Стигматизированный индивид может попытаться исправить свой недостаток и косвенным образом, изо всех сил стремясь овладеть видами деятельности, которые – по крайней мере, так считается – увечье делает ему недоступными по физическим причинам. В качестве примера можно привести хромого человека, который учится – впервые или заново – плавать, ездить верхом, играть в теннис, летать на аэроплане, или слепого, который мастерски катается на лыжах или занимается альпинизмом.[20] Конечно, такое мучительное обучение может вести и к столь же мучительному исполнению разученного – как, например, когда в танцевальной зале человек в инвалидной коляске исполняет некое подобие парного танца.[21] Наконец, индивид с каким-то постыдным отличием от других может порвать с тем, что называется реальностью, и упорно пытаться использоваться нетрадиционную интерпретацию особенностей своей социальной идентичности.

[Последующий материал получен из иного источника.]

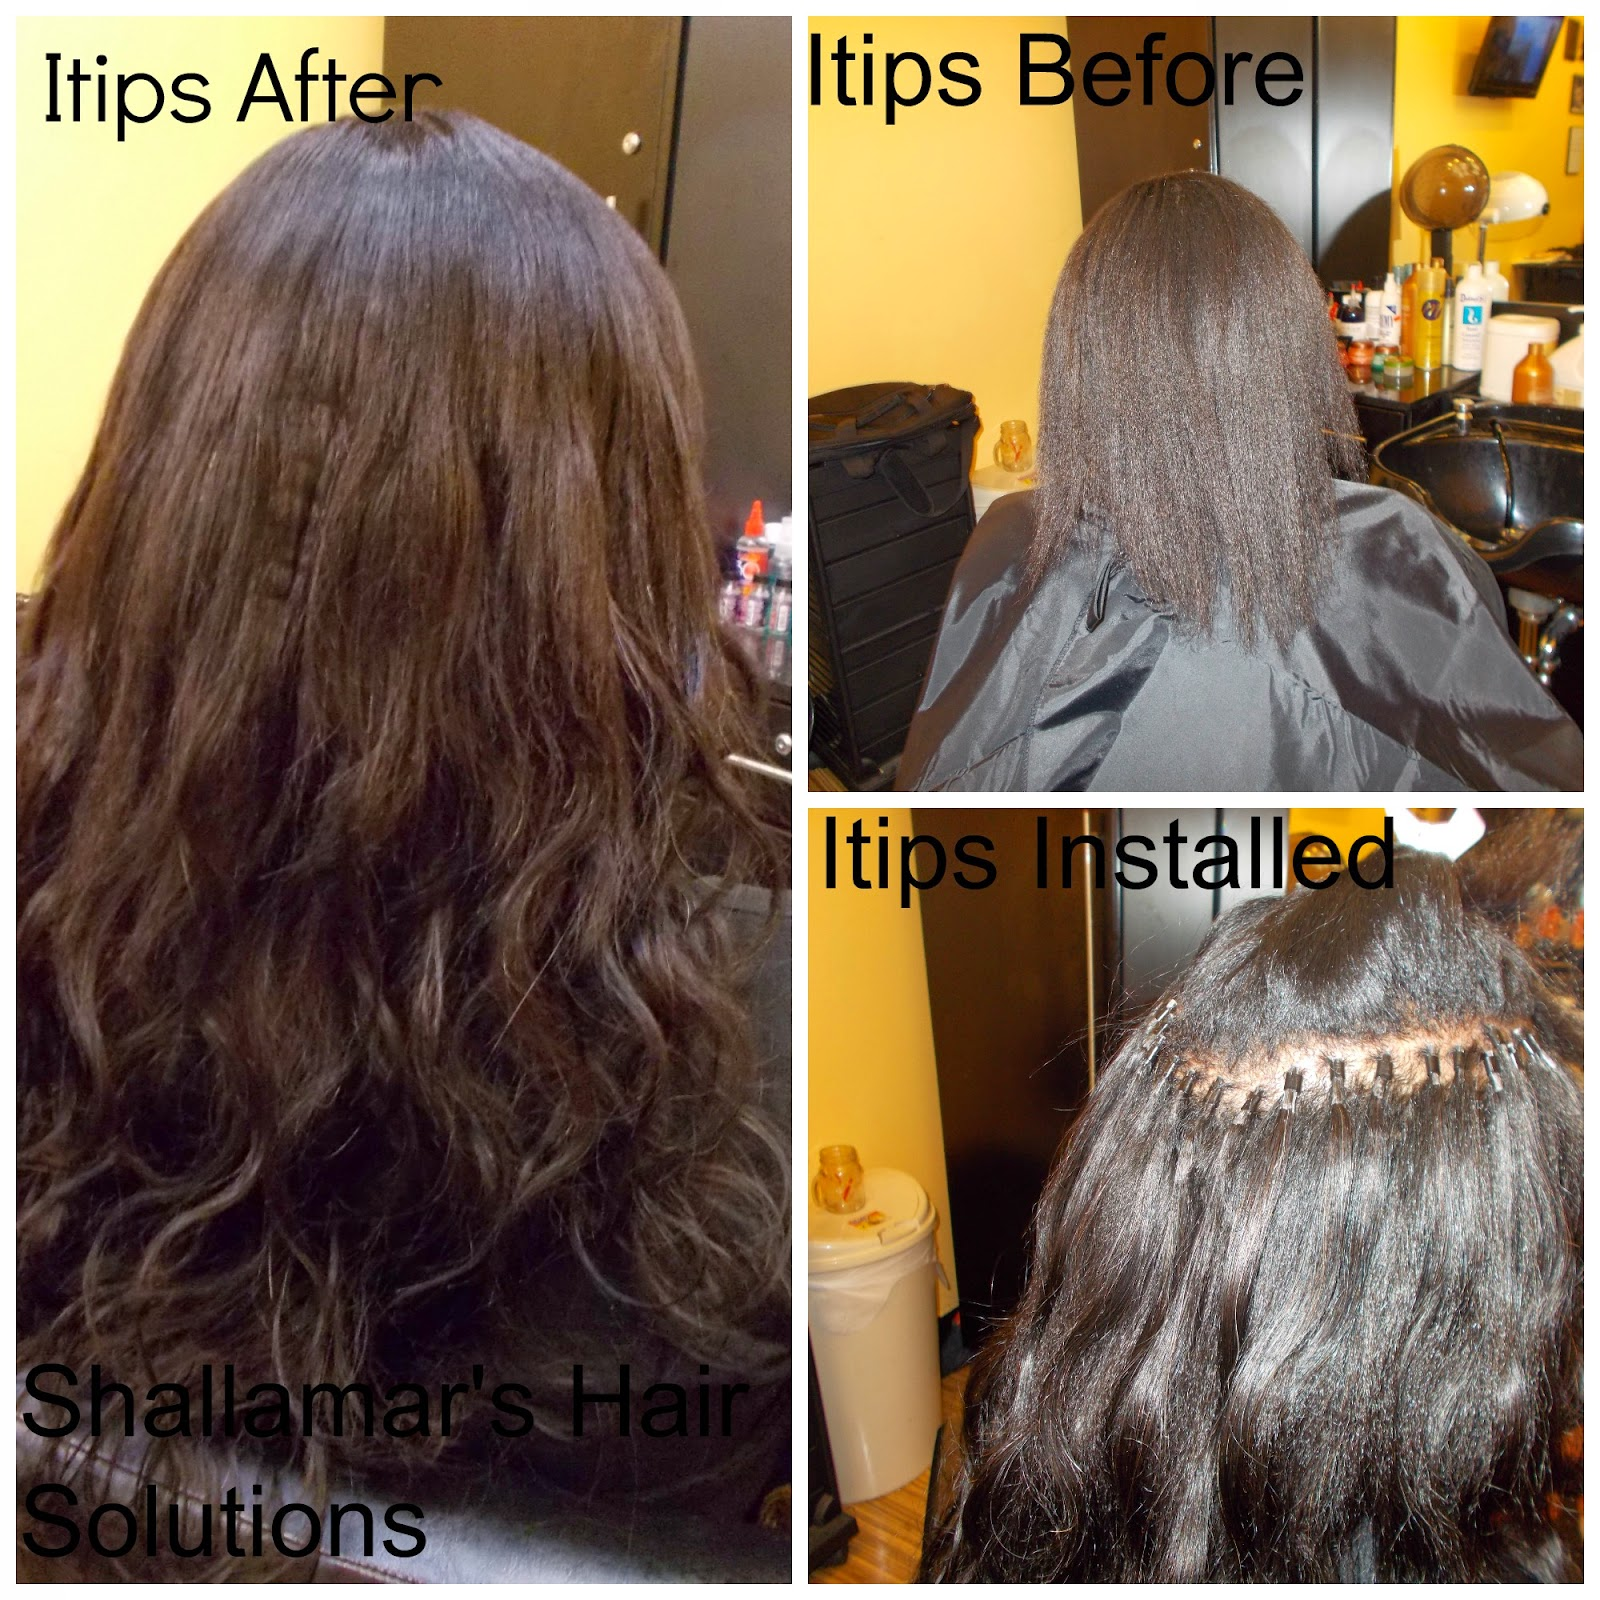 Hair Replacement Orlando Orlando Utips Hair Extensions Vs I Tips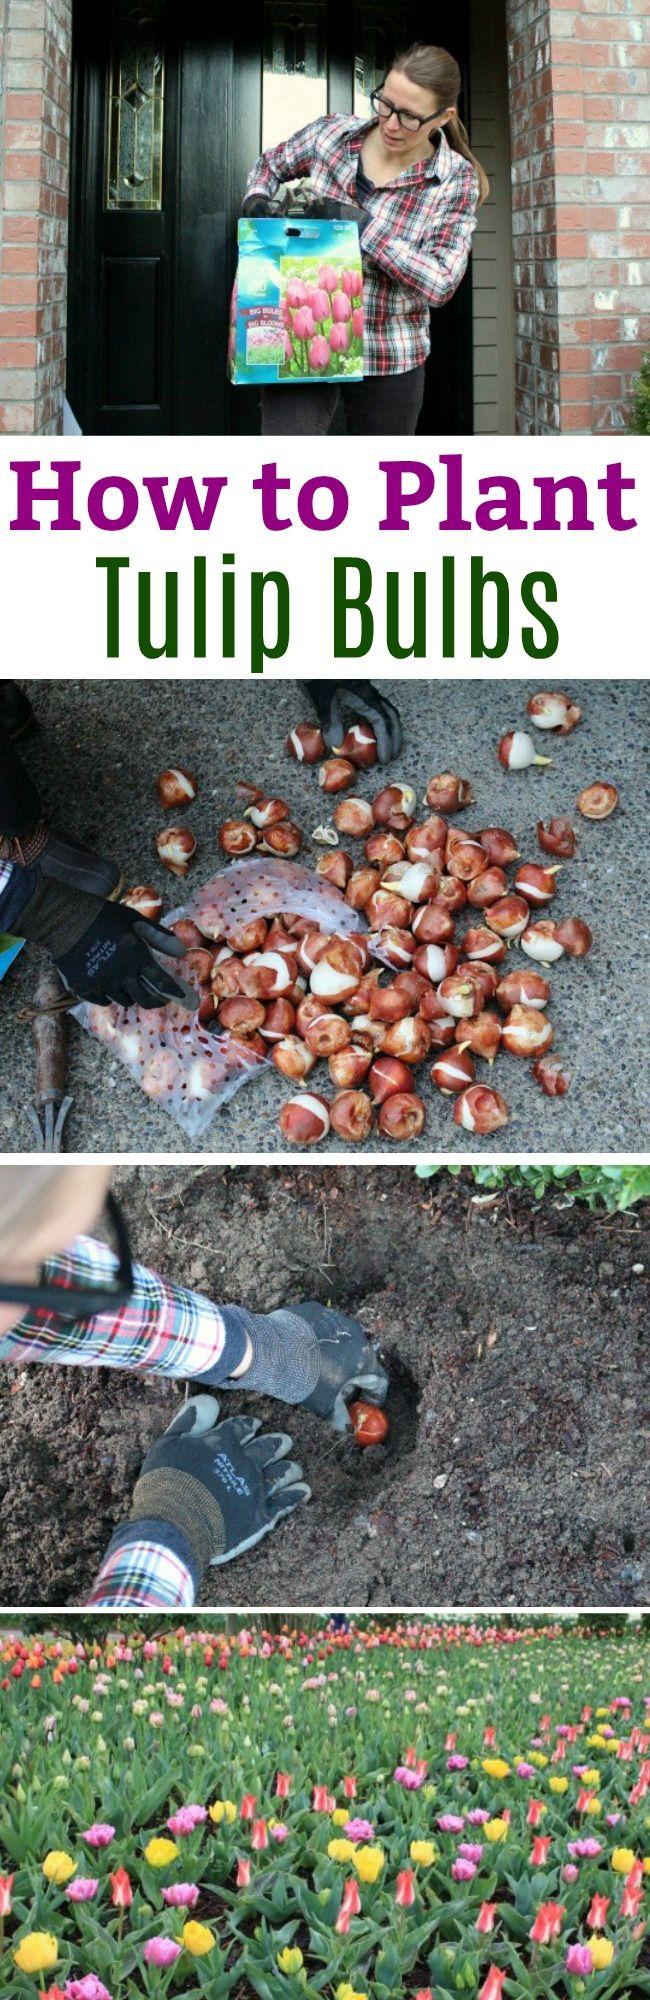 Tulip Tips, How to Plant Tulip Bulbs, Planting Tulips, Planting Bulbs

Стигматизированный индивид склонен использовать свою стигму для получения «вторичных выгод» [secondary gains] – как оправдание своей неудачи, произошедшей по причинам, не связанным со стигмой:

«Многие годы шрам, заячья губа или неправильной формы нос считаются физическим недостатком [handicap], а их значимость для социальной и эмоциональной адаптации помимо воли оказывается всеобъемлющей. Этот тот «предлог» [hook], которым больной объясняет все проявления своей несостоятельности, всю неудовлетворенность, все промедления, которые принесла ему социальная жизнь, и все связанные с нею неприятные обязанности; эта его особенность нужна ему уже не только как оправдание неучастия в конкуренции с другими людьми, но и как способ избежать социальной ответственности.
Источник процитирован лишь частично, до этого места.